What is the Hidden Markov Model 🌱

The Hidden Markov Model (HMM) is a time series model that assumes the ground truth is made up of observed variables that we see $o_1,…,o_t$ and hidden variables $s_1,…,s_t$ that we never see but determine the values we observe. There are two main assumptions with the HMM:

1. $P(s_t \mid s_{t-1}, s_{t-2},…,s_{1}) = P(s_t \mid s_{t-1})$
2. $P(o_t \mid o_{t-1}, o_{t-2},…,o_{1}, s_{t}, s_{t-1},…,s_{1}) = P(s_t \mid s_{t-1}) = P(o_t \mid s_{t})$

• The first assumption means that the next hidden state is only dependent on the directly previous hidden state and none of the other past hidden states.
• The second assumption means that the observation at a certain time point is only dependent on the hidden state at that time point.

Here is a visualization of what the HMM looks like where $x_t$ are the hidden states and $y_t$ are the observed values.
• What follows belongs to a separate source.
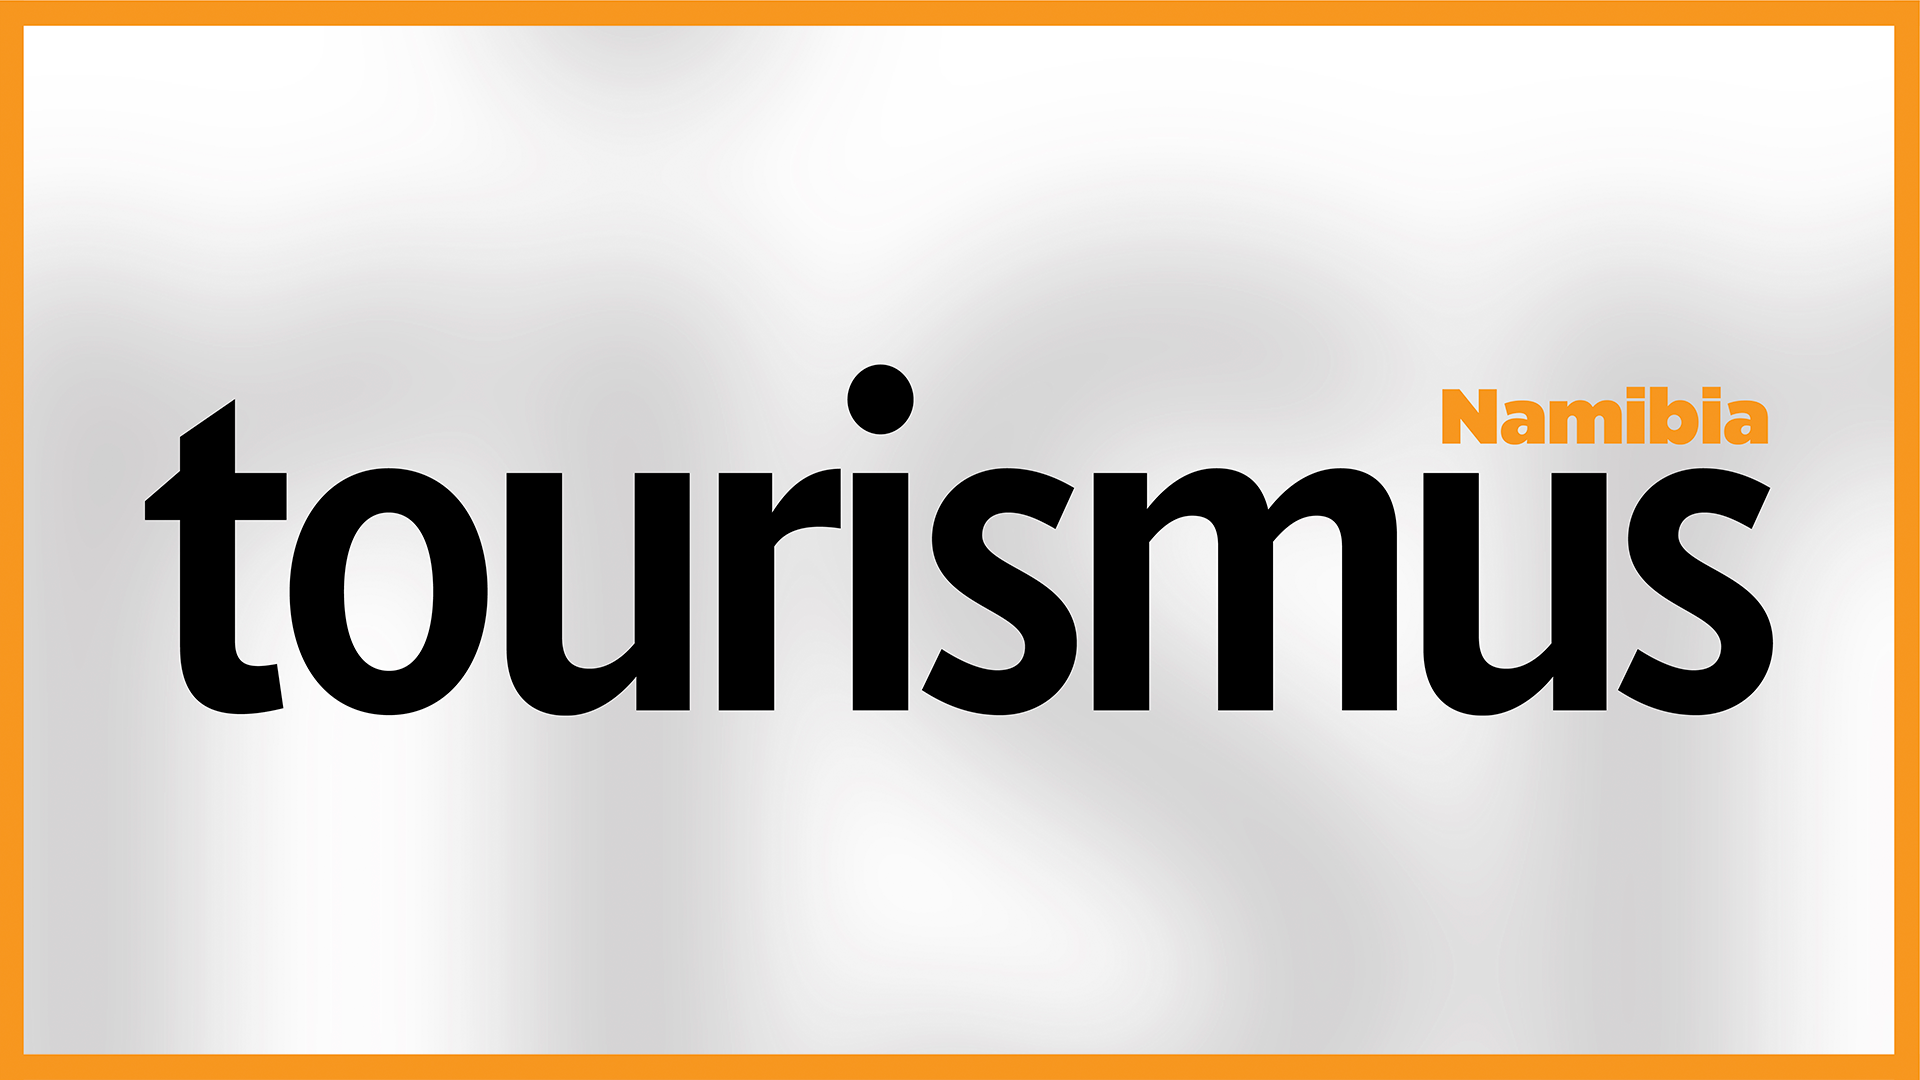 Tourismus Namibia (German) - 11 September 2021
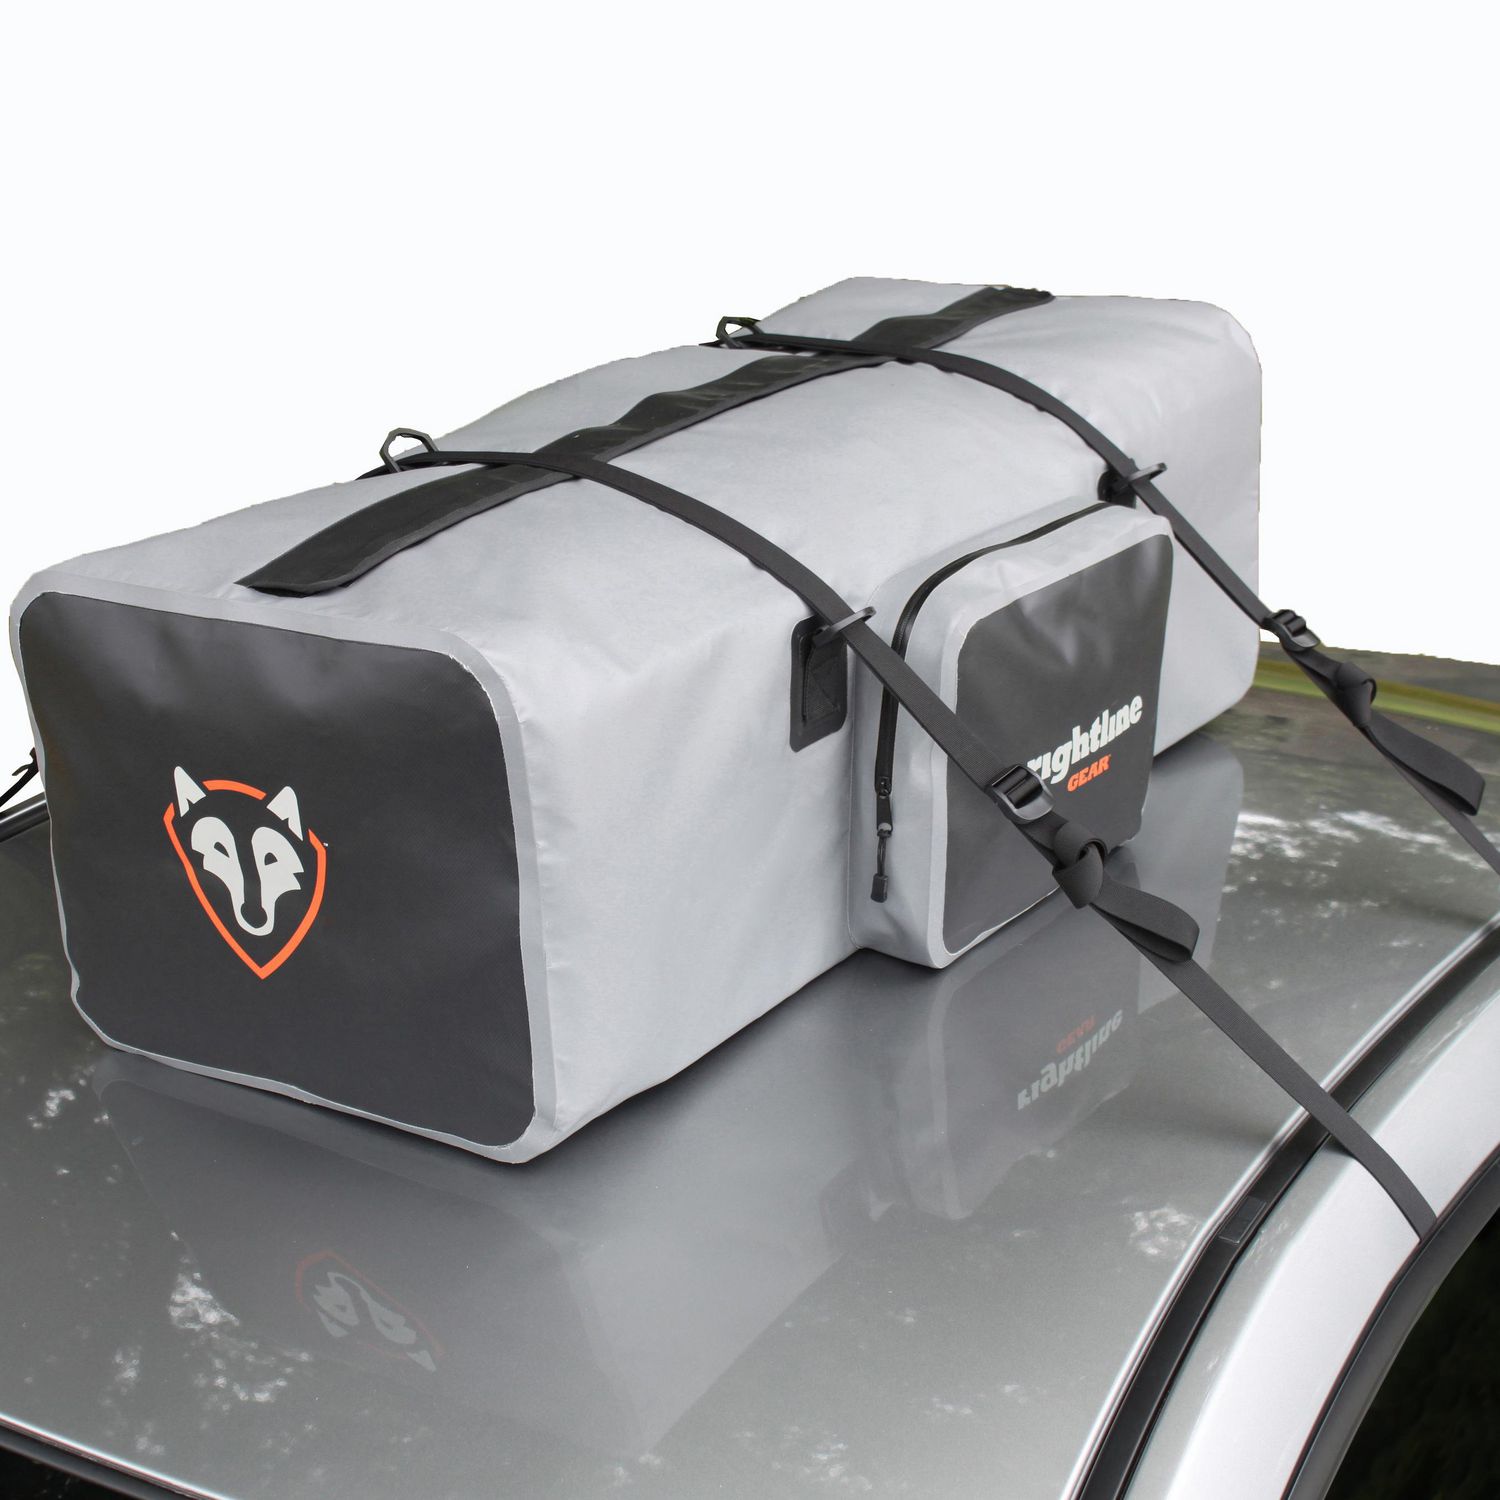 Rightline Gear Gray/Black Waterproof Car Top/Luggage Rack Duffel Bag, Rightline Gear Car Top Duffle Bag

There are 3 main problems we can solve with the HMM model, where $A$ is a $n \times n$ matrix of transition probabilities like $P(s_{t} \mid s_{t-1})$, $B$ is a $n \times v$ matrix of emission probabilities like $P(o_{t} \mid s_{t})$, $O$ is the sequence of observed values, and $S$ is the sequence of states. This model assumes that transition and emission probabilities are constant over time (but this can be generalized by having $A$ as a $T \times n \times n$ tensor).

1. Compute $P(O \mid A,B)$
2. Compute $S^* = \text{argmax}_{S} P(S,O \mid A,B)$
3. Compute $A^,B^ = \text{argmax}_{A,B} P(O \mid A,B)$